Give back an exact copy of the lines in the records below, from the line that has "ADHD abbreviation on" through the line that has "PINK FLORAL MULTI - WOMENS - FINAL SALE", and nothing besides.

* DATA SECTION:
--------------------------------

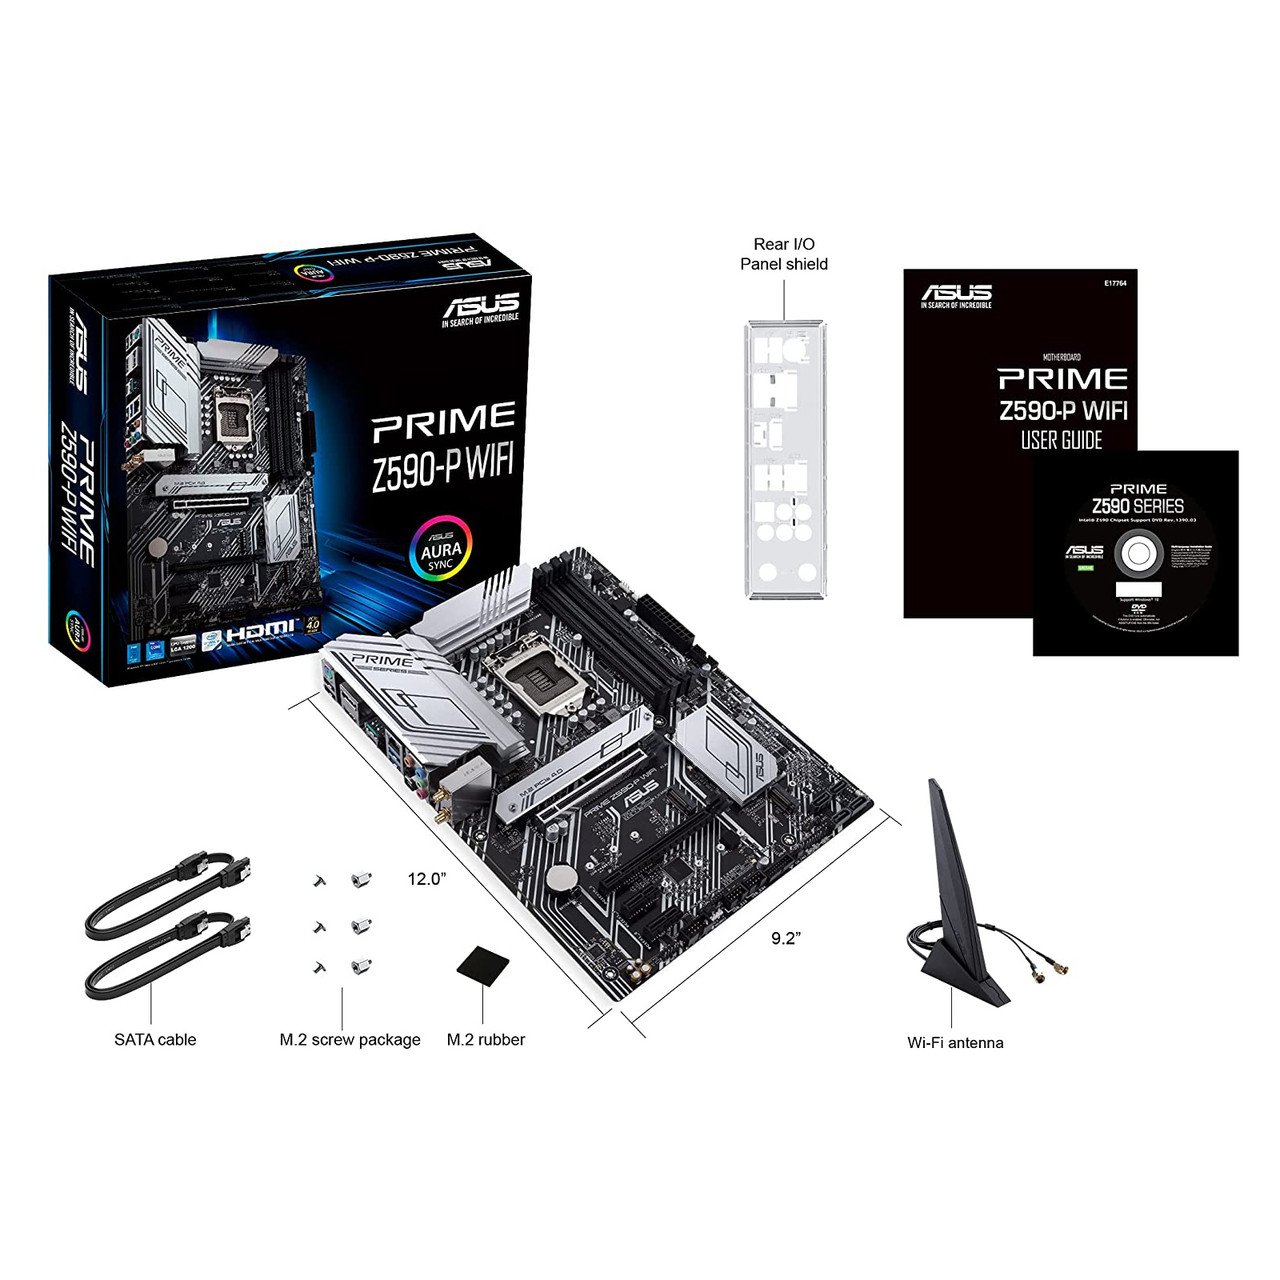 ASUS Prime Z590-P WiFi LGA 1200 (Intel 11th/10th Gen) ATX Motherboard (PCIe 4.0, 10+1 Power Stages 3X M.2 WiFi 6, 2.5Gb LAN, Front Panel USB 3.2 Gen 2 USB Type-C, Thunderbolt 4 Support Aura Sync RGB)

--------------------------------

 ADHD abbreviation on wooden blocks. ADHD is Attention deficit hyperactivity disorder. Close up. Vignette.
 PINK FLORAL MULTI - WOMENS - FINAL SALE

--------------------------------

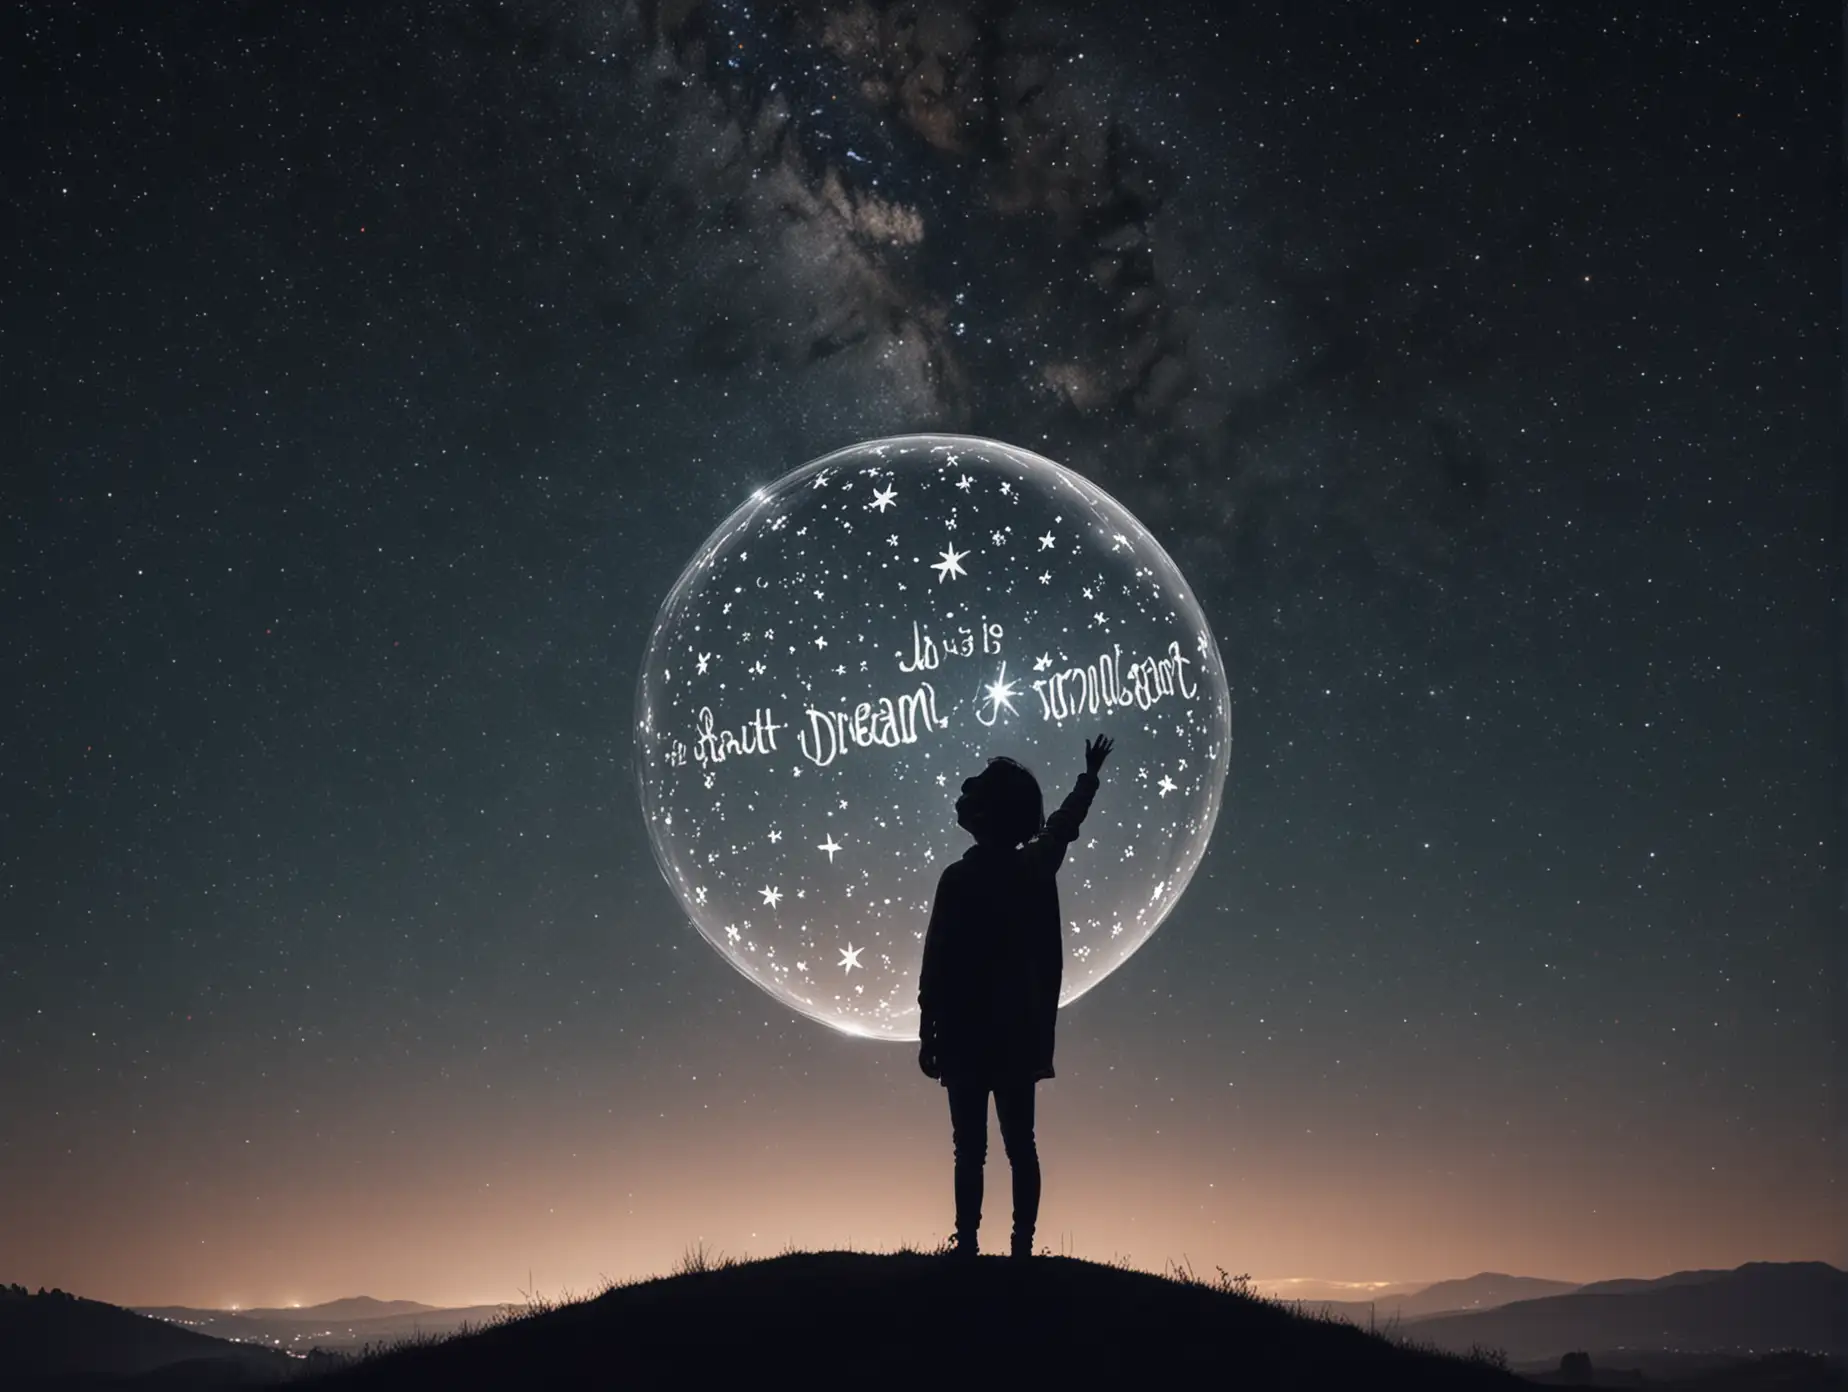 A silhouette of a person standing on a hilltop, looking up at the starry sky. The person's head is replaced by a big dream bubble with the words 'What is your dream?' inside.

--------------------------------

* ANSWER TO THIS PROBLEM:
 ADHD abbreviation on wooden blocks. ADHD is Attention deficit hyperactivity disorder. Close up. Vignette.
 PINK FLORAL MULTI - WOMENS - FINAL SALE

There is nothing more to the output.